You have heard the phrase, "I am a born-again Christian." While I might embrace a faith that gives me a blueprint for life, I think the most important time for me was when I took an interest in who I really was.
Kadashan by Bertrand J. Adams Sr.
My grandmother instilled a sense of Indianness in me when she began to teach her grandchildren the Tlingit language, songs and dances at an early age. I can scarcely remember whenever she knew my brother and I approached her doorstep she would begin to sing and tap her cane on the floor. Immediately we would start to dance to her chant.
In my situation, my parents couldn't do this for us because they came from that generation of youngsters who were educated in boarding schools. They were forbidden to speak or practice their ancestral customs because the federal government and the Christian church's goals were to assimilate the Natives into the American society. When they married, and began to raise families they were powerless to reinforce our history, culture or language into us. While I have friends who speak the language fluently, this is attributed to what happened in their homes, and what never happened in mine.
When I was 7, my father moved the family from Yakutat to Juneau where he secured a job with a construction company. We were taken from the influence of our grandmother. That special connection we enjoyed with her was never renewed, and, much to my regret, I, to this day, feel displaced because I am unable to speak my ancestral language.
I have, however, for the past 25 or so years, taken a concentrated interest in learning about the history and culture of my people. Not only that of my own heritage, but of Native Americans in general.
When I began to understand more about our people's code of behavior, I began to grow with appreciation - realizing also that they had a complex protocol in everything they did.
Let's take, for instance, a brief account from a young man's life. When he was 7 or 8 years old it was his uncle's responsibility to educate (discipline) the adolescent. As this youngster was trained to hunt, fish and survive, he was also taught his history and practiced his traditions and culture. When he grew older he traveled among other tribes, sometimes for many years to other Tlingits, Tsimshians or Haidas in their region; or it could be to the Aleuts along the Aleutians or the Athabascans from the Interior. We do know, also, that the Tlingits traveled as far south as California to trade. It was through these experiences he learned other people's history, songs, dances, etc. Then he returned home to be of service to his people. It was the same as sending our young people away to college.
Native Americans were deep- rooted in their spiritual beliefs, too. They knew and understood the Creator. To survive in their environments they had to have a strong belief in a supreme being. Their reliance and very survival is reflected upon their belief in the Creator. In fact, like all other religions throughout the world, the God we knew is, and was, the same God the missionaries tried to convert us to.
Education was an important part of our society. History and culture, like other so-called civilized cultures, was transferred from one generation to the other. Today we have been introduced to another way of learning, of which our history and culture is not a part. Today we embrace a religion that recognizes the same Creator as Christianity yet we were forbidden to practice worshipping in our way.

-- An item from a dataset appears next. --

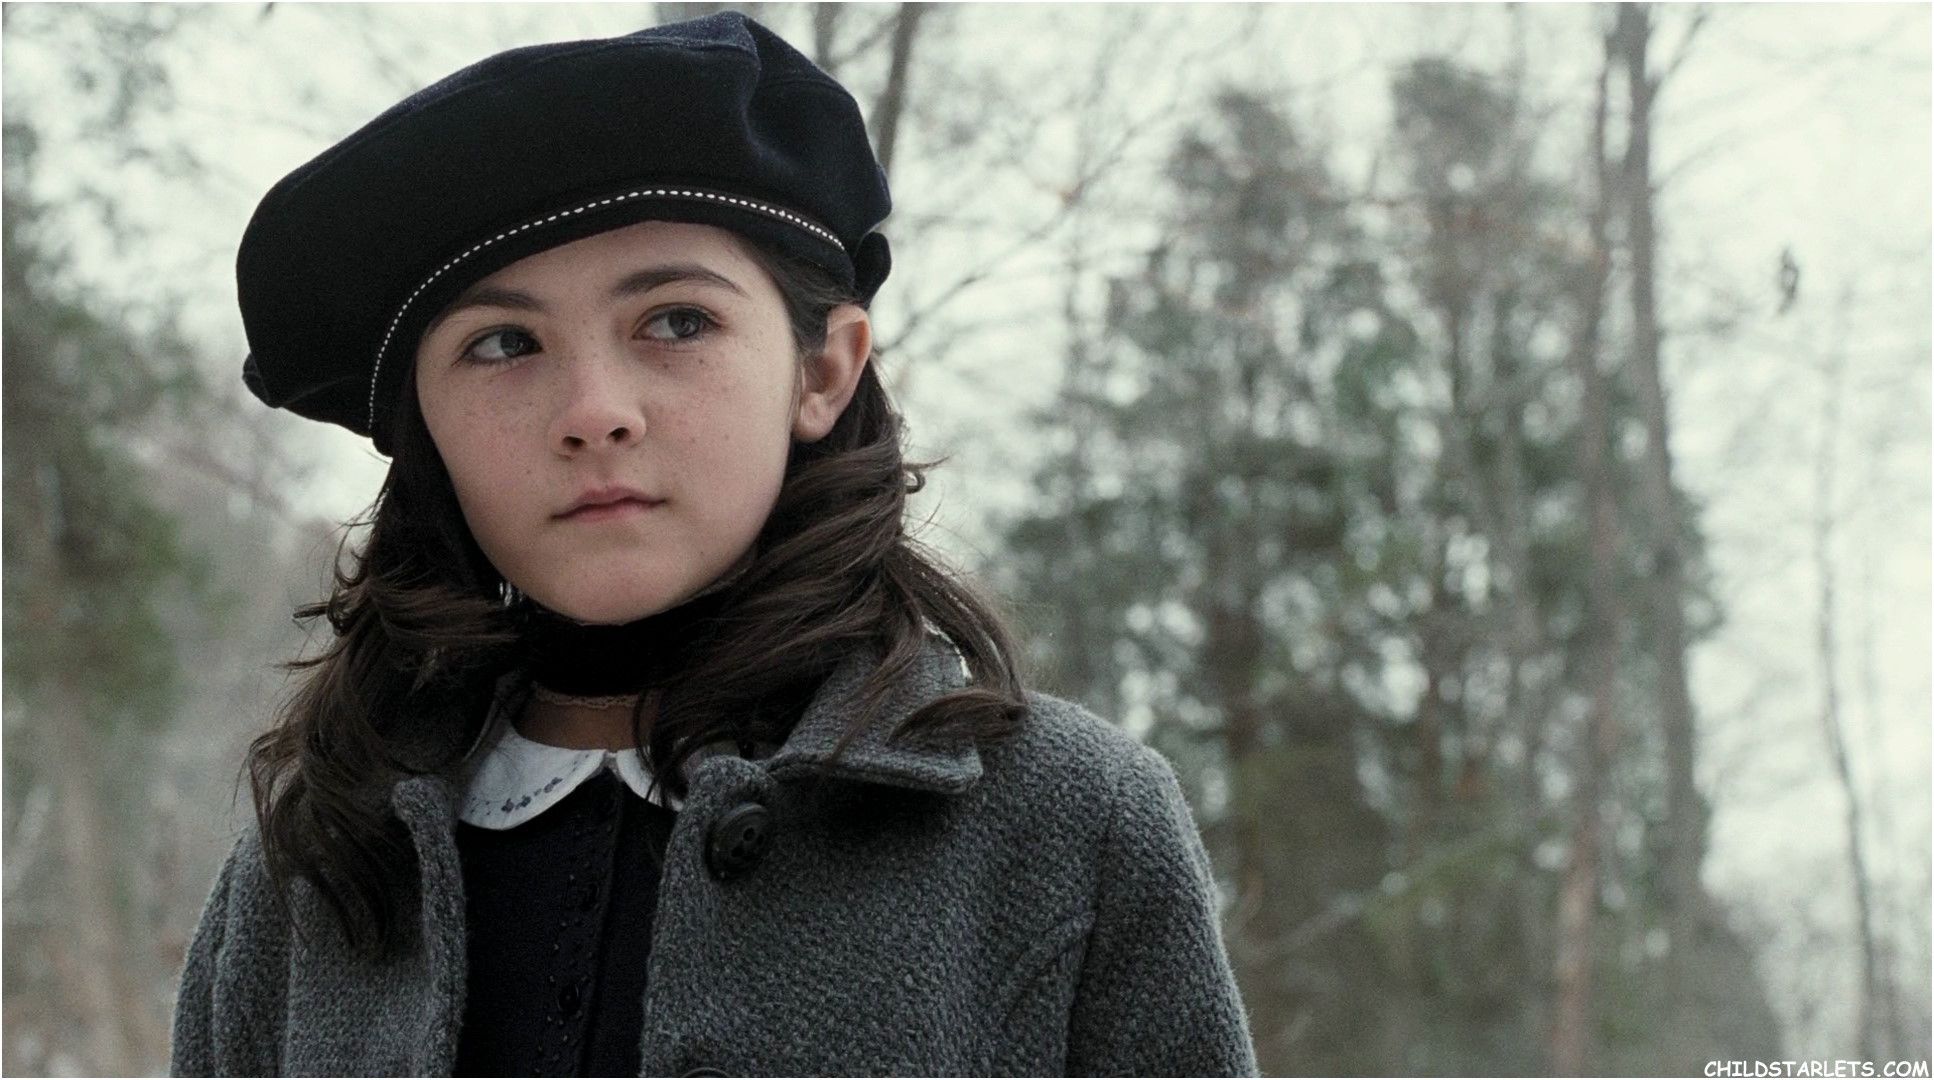 A psychological horror that showcases the brilliant acting talents of the then 12 year old, Isabelle Fuhrman. Description from. Orphan movie, Orphan, Orphan film

So in a sense, we can say that we are, too, born-again Christians. As for me, even though I admit to embracing that faith, when I began to learn more about my history along with who I really was - when I found out that I was named after my great-grandfather, Kadashan, and what he did, my chest began to fill with pride, my confidence and self-esteem were bolstered to new heights.
Indeed, I did became a born- again Indian - not so much as I'd like, but it's a beginning.
Kadashan is the Tlingit name of Bertrand J. Adams Sr., who lives in Yakutat.